Science is not about objective universal truths. My point is that Science
describes the world but does not explain it. But to describe the world is to explain it, and everything beyond what can be quantified and analyzed is a purely subjective value judgment. When you ask whether or not science can provide ultimate truths, you are asking the wrong questions. Instead, the purpose of science is to seek out and answer those questions about the world that do have verifiable and objective answers. So if something exists that is "beyond science", then it is outside of the realm of objective and verifiable truth: when we know something with any level of certainty, then it is because we've done some kind of science on it. And that's the important point.
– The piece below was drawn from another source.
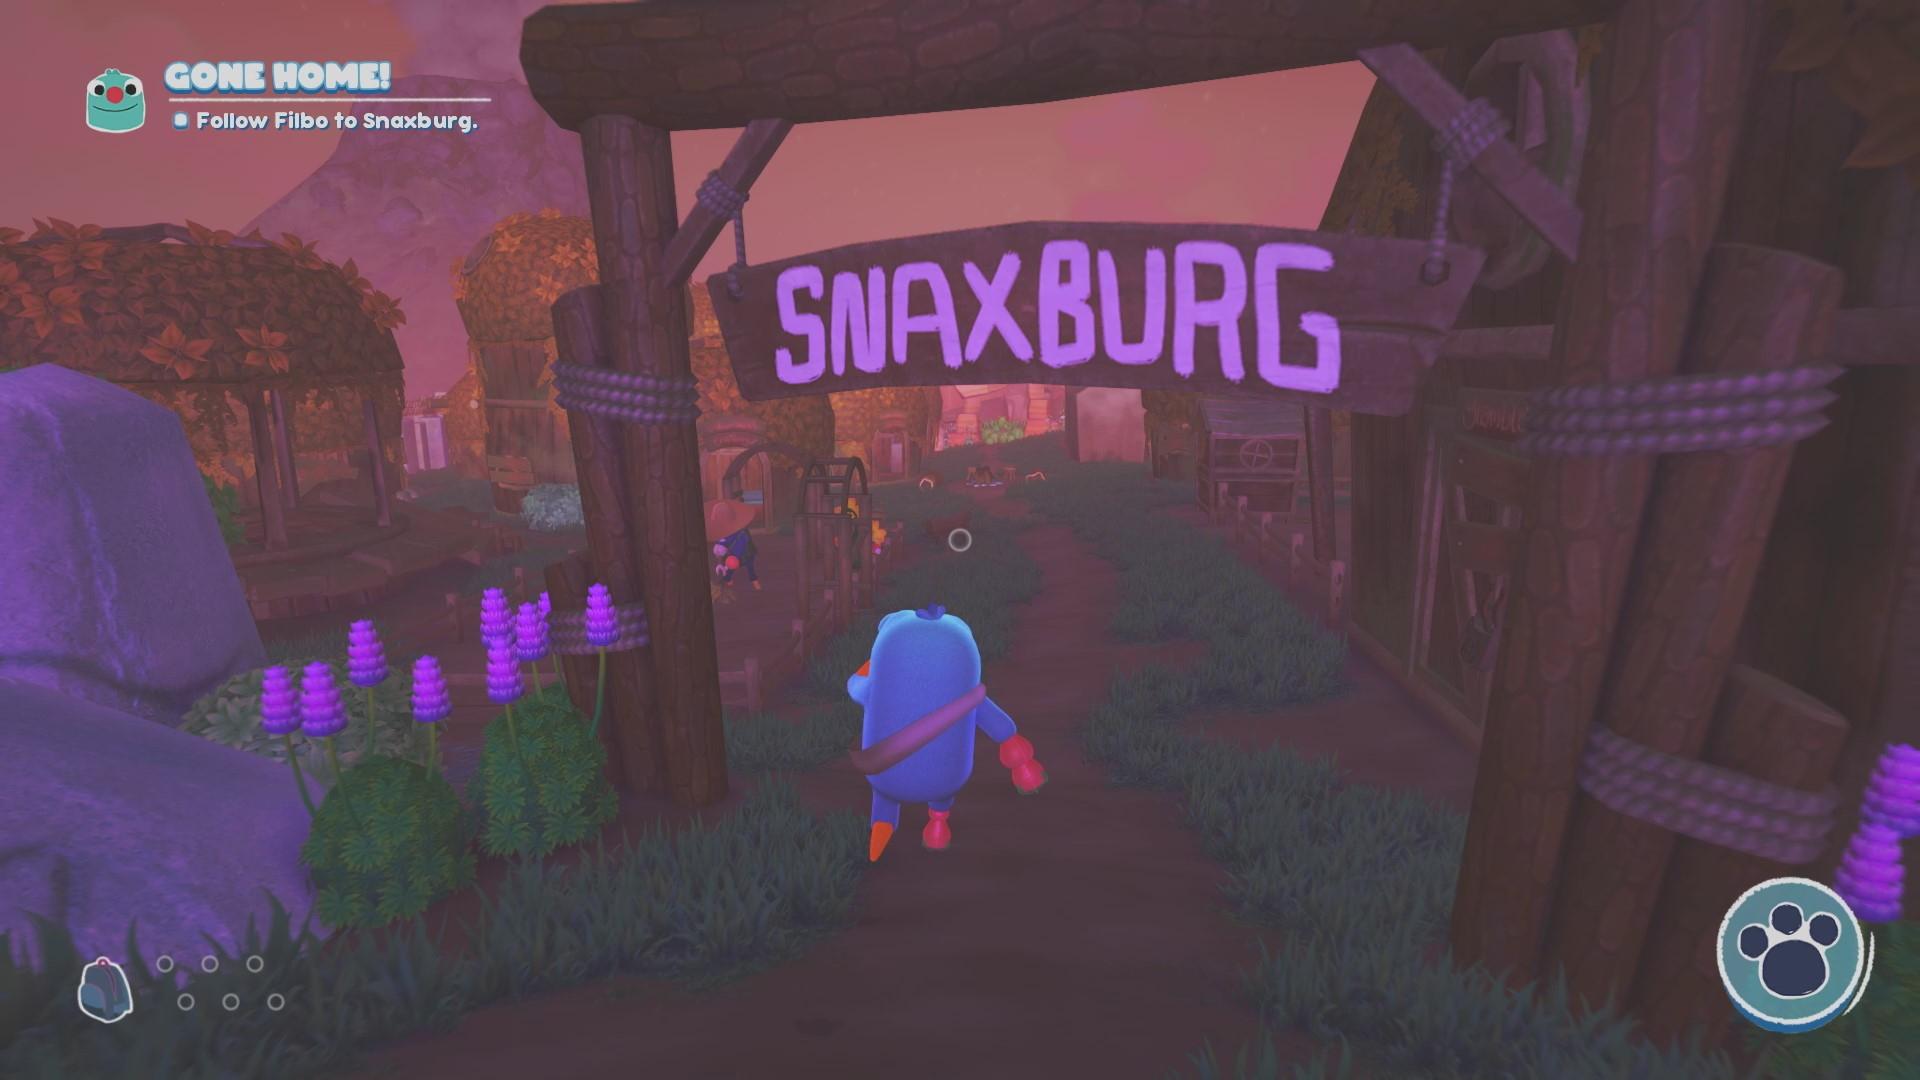 Filbo leads me to Snaxburg!

Science isn't just a body of facts and to do science isn't just to use scientific instruments in a lab, science is any method of testing a conjecture against observations in the physical world to gauge its validity and to do science is to conduct such a test. Notice a particular choice of language here. I don't say that we do science to determine whether or not something is "true". The gravest misunderstanding is the assumption that science is about truth. Rather, it's about established validity. For instance, if you were to ask whether or not classical mechanics were "truthful", I wouldn't say yes because it's long since been established that Newtonian physics breaks down at the atomic and cosmological scales. However, I also would not say no because classical physics, despite not being totally and perfectly true, is still extremely useful for understanding many things about the world. That there is, in some ways, a sort of zeal around many people who are interested in science popularly but not in a professional manner I think has less to do with science and more to do with the fact that science is inevitably involved in a number of important political issues, or at least that arguing from verifiable information forms the basis of reasoned debate. A number of
really heavy questions now have a very major scientific component if they aren't entirely scientific already.